Como vemos, las ideas de Bacon allanaron el camino para que algunos estados tomaran
consciencia de la importancia de la investigación científica. Las monarquías alentaron la
creación de academias o instituciones que agrupaban a los científicos más importantes de
sus respectivos países. Pero ahora el centro científico se desplazó de Francia a Inglaterra. El
prestigio de la “Royal Society” de Londres (1662) superó a la “Academia de Ciencias de
París” (1666).
En Francia la figura dominante fue René Descartes (1576-1650) porque supo unir la ciencia
con la filosofía en una nueva comprensión del Universo. Para buscar la certeza de las cosas
inaugura su método, la “duda metódica”: pienso y luego existo. Es decir, no admite como
cosa verdadera algo que no supiese con evidencia.
En su obra magna “El Discurso del Método” (1637) expresó las condiciones de un
pensamiento eficaz. Este debía contemplar: el análisis (la “duda metódica”); la lógica
(ordenar los elementos yendo de lo más simple a lo más complejo) y la enumeración (aquí
introduce lo cuantitativo en todo razonamiento).
Estas reglas del método cartesiano construyen en pocas frases la teoría del pensamiento
que domina el caos aparente del mundo porque sabe contar y clasificar. Esto rompió con el
pensamiento vigente, todavía muy teológico o mágico. Pero al postular la posibilidad de un
mundo racional, no dejaba de afirmar la existencia de un Dios, relacionado a la idea de
perfección que se halla en el hombre sin encontrar en él su origen. Como vemos, Descartes
quiere buscar una base racional para entender su fe. Quiere saber si Dios existe o no,
independientemente de la Biblia, pues no niega las escrituras.
Esta senda de entender mecánicamente al mundo fue completada por el inglés Isaac
Newton (1642-1727), autor de la ley de Gravitación Universal. Para Newton existe una ley
que rige no sólo la caída de los cuerpos terrestres, sino todo el movimiento del Universo: los
planetas alrededor del Sol y otros sistemas estelares.
Su aporte fue que existe una fuerza de mutua atracción que disminuye a medida que
aumenta el cuadrado de la distancia que separa dos masas puntuales. Esta fuerza de
atracción mutua es la “causa” de la caída de los cuerpos. Cuando los cuerpos celestes se
mueven con velocidad constante en una trayectoria circular, esto representa un “cambio” en
su movimiento y en consecuencia exige la presencia de una fuerza que actúa “normal” a su
velocidad.
Pero debemos aclarar que todos estos pensadores fueron auténticos creyentes.

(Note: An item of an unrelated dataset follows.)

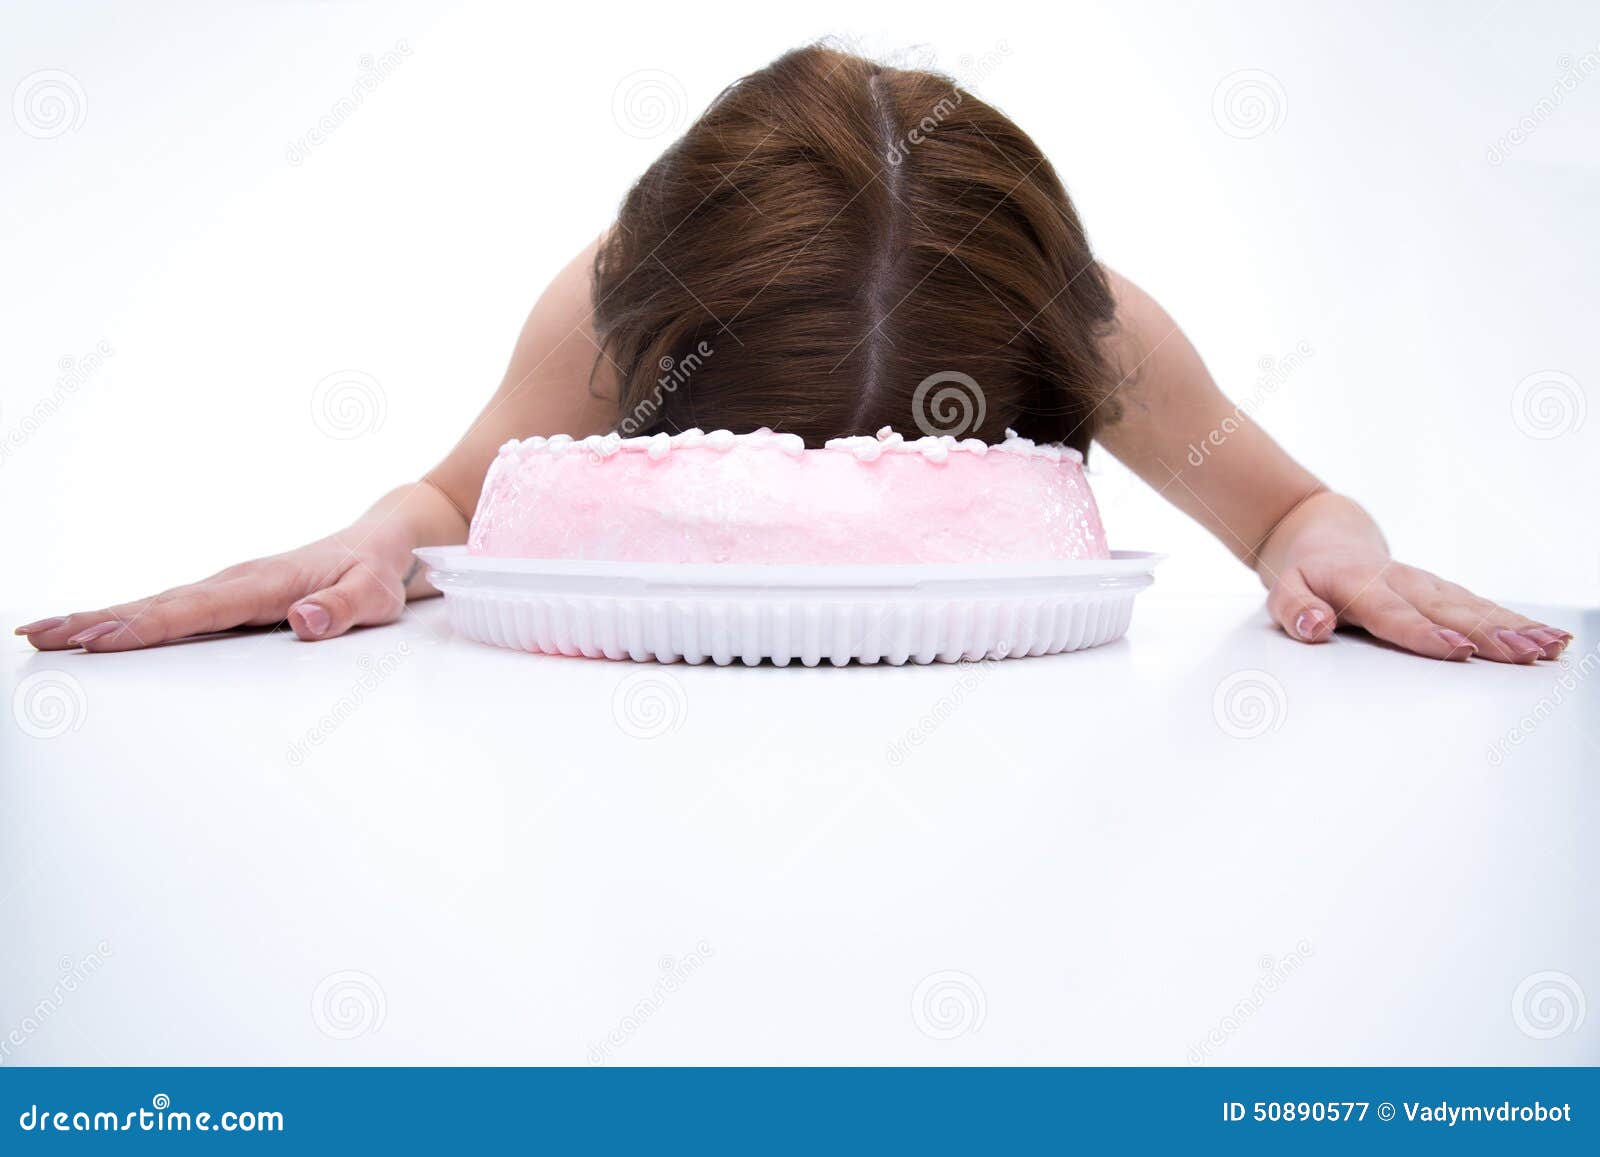 Девушка лицом в торт штырь. Торт с лицом женщины. Торт с лицом девочки. С днём рождения торт в лицо девушке.

De alguna
forma podemos hablar que el siglo XVII consolidó una suerte de “racionalismo cristiano”. Sin
embargo, como vimos en el caso de Galileo, la Iglesia no siempre estuvo de acuerdo con
explicaciones sobre el hombre y la naturaleza que escaparan a lo planteado por las
Escrituras o por los autores clásicos.
Otro rasgo importante del siglo XVII fue el considerable aumento de participantes en el
debate científico o intelectual. En casi todos los investigadores se agruparon en academias o
sociedades científicas. Muchas de ellas mantenían correspondencia e intercambiaban sus
revistas y demás publicaciones. Pero a pesar del prestigio de la “Royal Society” de Londres,
el lenguaje científico siguió siendo el francés. En síntesis, se establecieron las bases de
discusión del siguiente Siglo de las Luces.